A great feature in modern sliding windows is the inclusion of drainage channels. By nature of their design sliding windows have deeper grooves for sashes to move in. Rain or melting snow ends up in these grooves, or worse in your house. Drainage channels allow for this water to run off outside through the window.

One of the common window service problems we hear about from our customers is that there is standing water in their sliding windows.


This can happen for several reasons:

  1. The window was not installed plumb and level.
  1. There is a defect in the window.
  1. The drainage channels are clogged with debris or foliage. (This one is not common with newly installed windows).

There are several ways to resolve this problem, and ensure proper operation of drainage channels.

Because these issues are most commonly associated with how the window was installed, the service installer removes the casings around the window and ensures the shimming was done properly around the whole frame. If the window is not shimmed correctly it may not be quite level or square. In a level window the water drains out with gravity. An uneven one may hold water on one side of the wall, or away from the drainage hole.

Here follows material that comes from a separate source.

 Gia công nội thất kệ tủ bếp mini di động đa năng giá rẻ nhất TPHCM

Window defects are more difficult to recognize. Errors in the manufacturing process can affect the location of the drainage opening, how level the window is, or how sloped the drainage channels are. If a service installer deems the problem to be a result of a manufacturing defect your windows can be reordered and are covered by warranty.

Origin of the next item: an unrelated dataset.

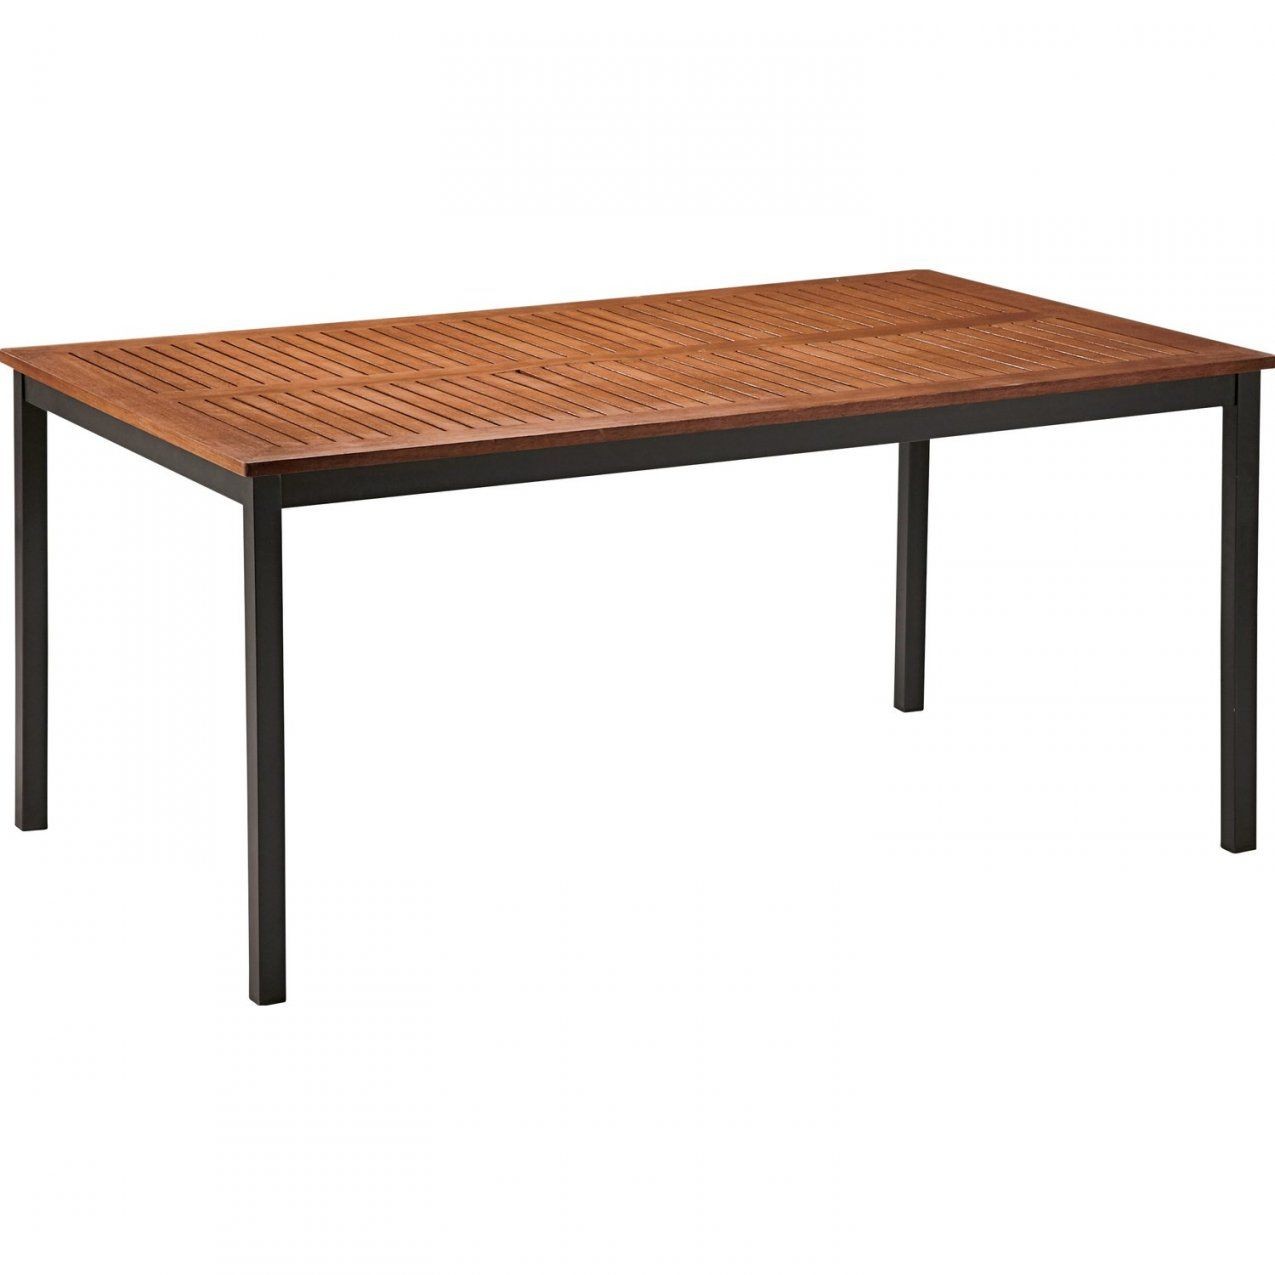 Obi Tisch Davenport 160 X 100 Cm Kaufen Bei Obi von Tisch Selber Bauen Obi Photo

Although the slider technology utilizes drainage flaps to prevent debris, insects or dirt from clogging the channel, gunk can still accumulate in the channel over time. When this is the case, the installer usually removes the drainage flaps and physically tries to flush out the debris that is causing the blockage. New drainage flaps are then put into the channel to prevent further blockages.

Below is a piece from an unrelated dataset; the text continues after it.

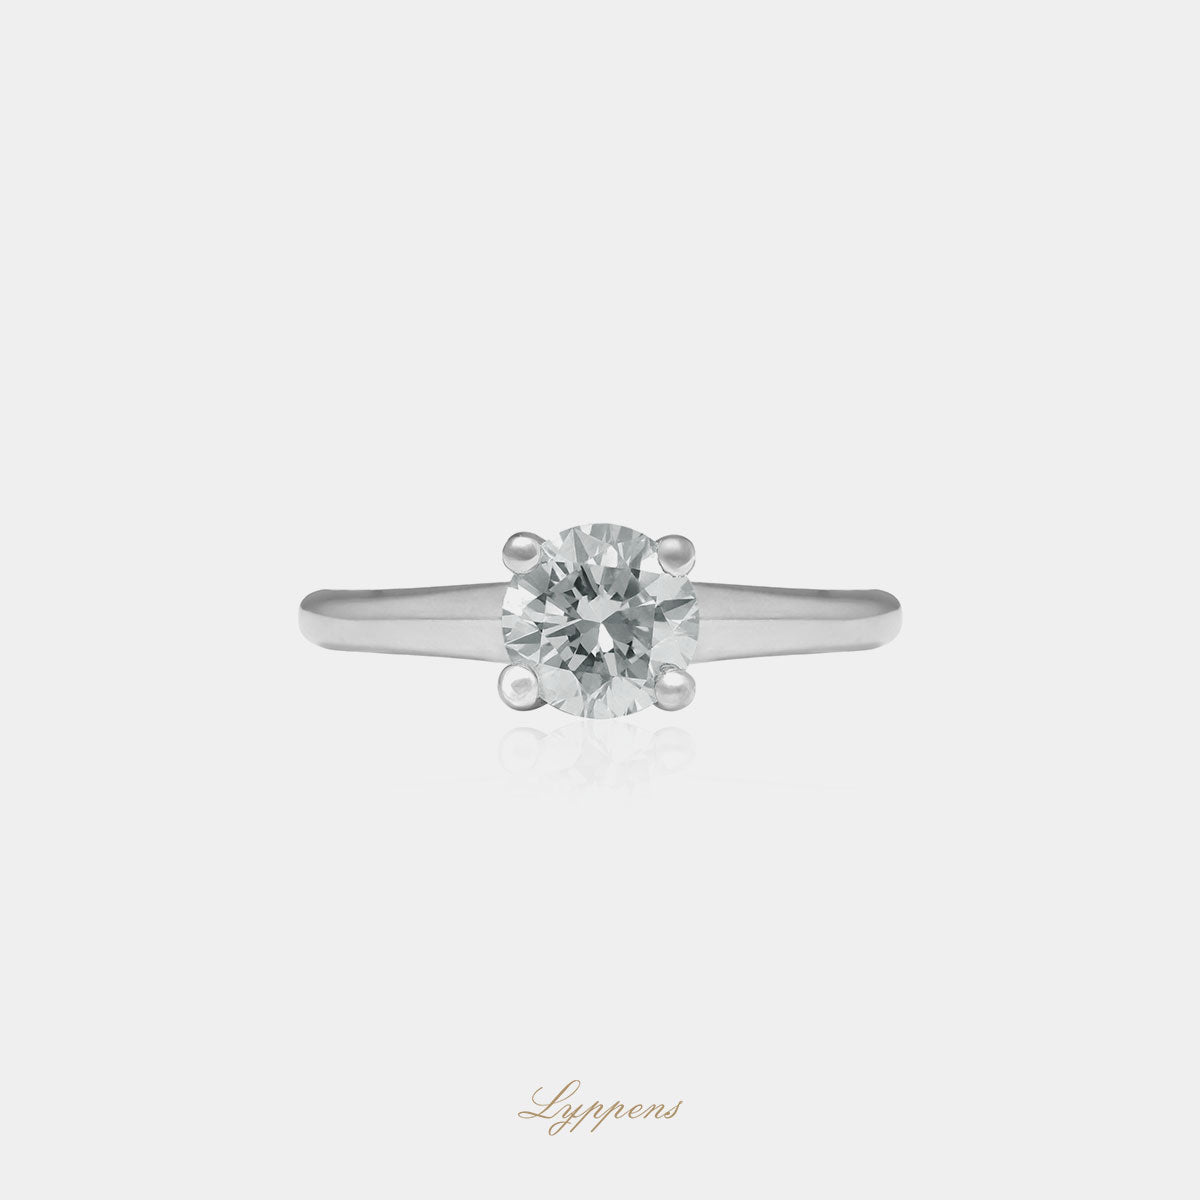 Witgouden solitiar verlovingsring, deze ring is in het midden gezet met een briljant geslepen diamant.

It is important to remember that even the best drainage channels don’t get rid of all the water. Obviously it isn’t right if the water level is higher than a couple of millimeters, or if it’s still there and hasn’t drained after several days. But a little bit of water on the bottom of the groove is not a cause for panic, and should evaporate naturally.

Remember, if you are experiencing these problems with your new windows the company responsible for the installation should be able to service them and address your concerns. Too often companies tried to blame drainage issues on windows that haven’t been closed properly, or even severe weather. Even if that ends up being the case, a good company should generally still send someone to inspect the problem and verify what is causing the water to stay in the groove instead of draining away.